Faré fahree@gmail.com writes:
Bad reasons to split:
- ease of browsing? Nope, it's harder when split.
You have to search for text in all files, lookup an index to see the order (that does matter).
- speed of compiling? Nope, for hours of maintenance, you only get a few
fractions of a second of speedup in the rare case that you only make a simple change to a file that leaves all APIs untouched. And only on a few implementations where you can somehow achieve separate compilation through ad-hoc non-portable scripts. Full build takes a fraction of a second MORE time, not less time, when you first have to concatenate all the subfiles, anyway, because in the end, the reason we put it all into asdf.lisp is because it was all necessary to bootstrap ASDF.
- ease of maintenance? Nope, additional maintenance nightmare.
- ease of distribution? Nope, it's easier to distribute one Lisp file
than a directory of files.
- ease of deployment? Nope, it has to be loaded all at once,
and there's no portable way to concatenate FASLs.

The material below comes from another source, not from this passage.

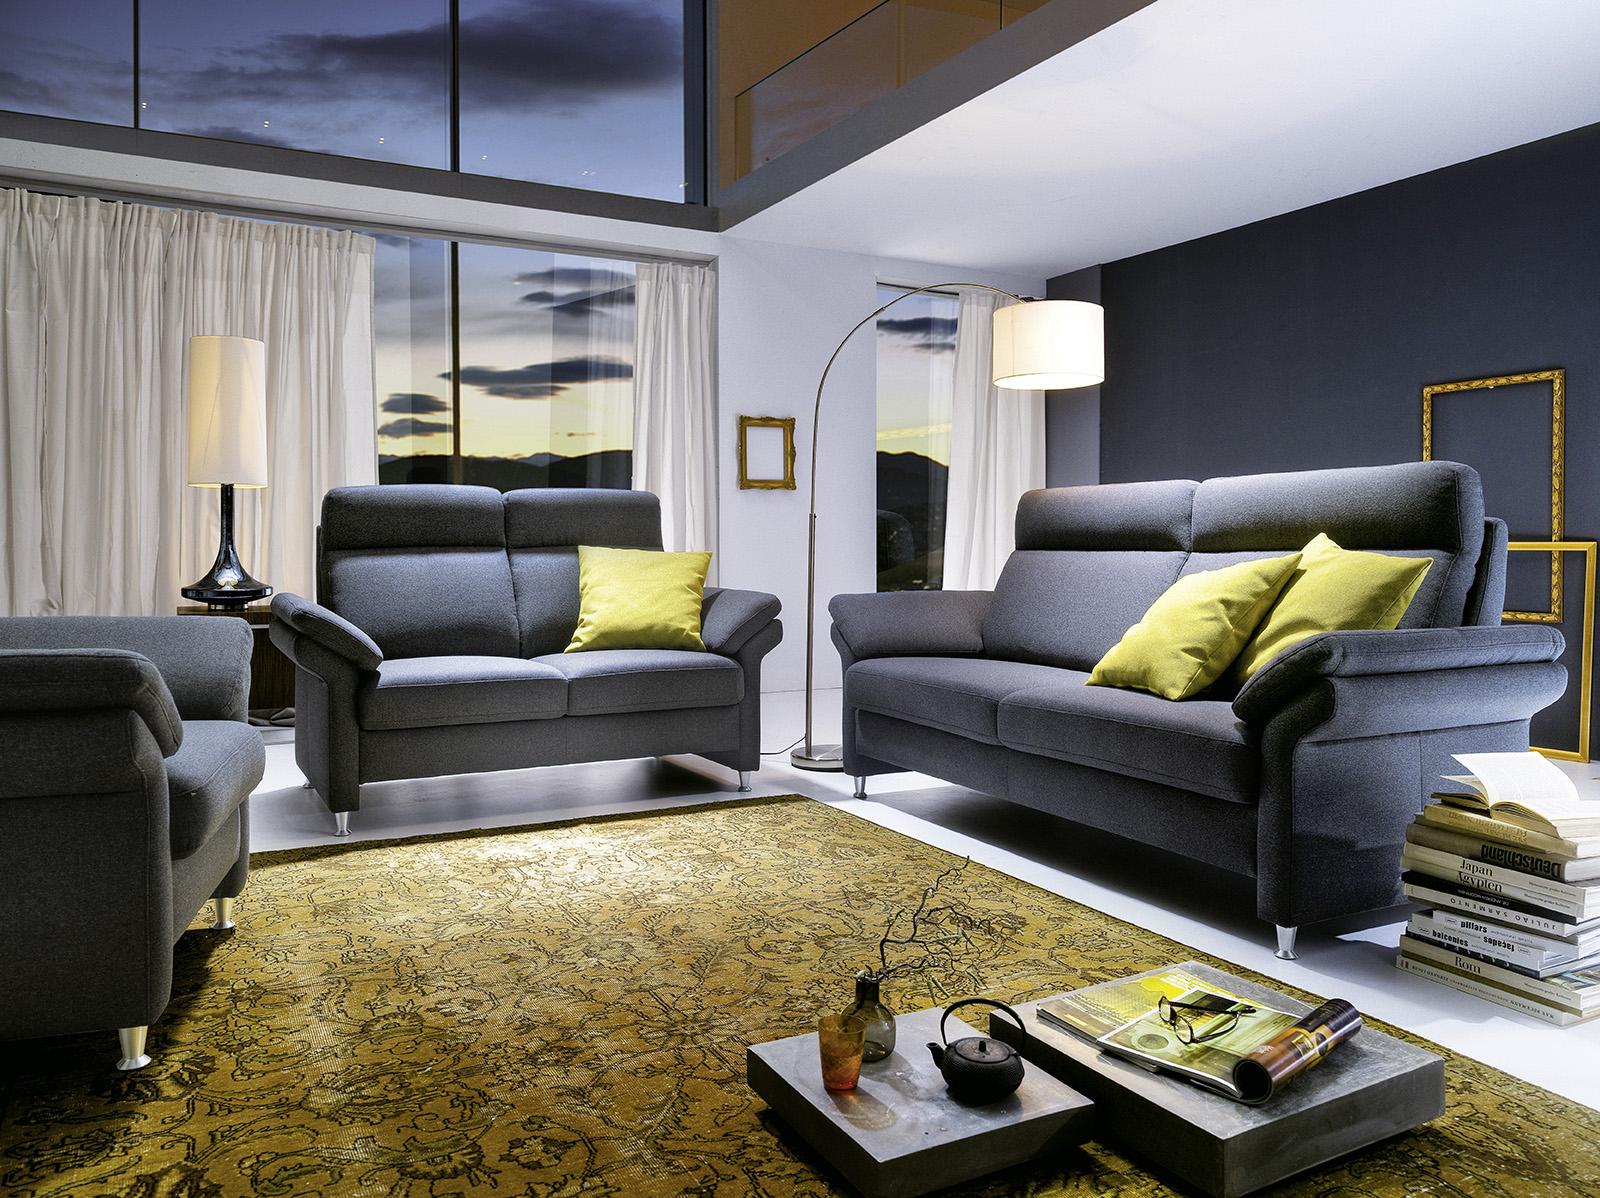 sofa 2 sitzer fl601 in stoffbezug anthrazit flamme. Black Bedroom Furniture Sets. Home Design Ideas

- ease of bug tracking? Nope, it's easier to md5sum or diff one file
than to try to assert and maintain coherence between tens of files.
- smaller size? Nope, you only increase the total overhead,
and don't diminish the intrinsic complexity and size.
- more sizeable chunks? Nope, my screenful of emacs buffer remains
of the same size.
I'm sure we could figure out or imagine more reasons and non-reasons. But in the end, before you do such a sweeping change, can we have a rationale?
[ François-René ÐVB Rideau | Reflection&Cybernethics | http://fare.tunes.org ] Question: How many Intel/Microsoft executives does it take to screw in a light bulb?
Answer: None, they simply make darkness an industry standard.
Let's agree to split when it reaches half the max emacs buffer size.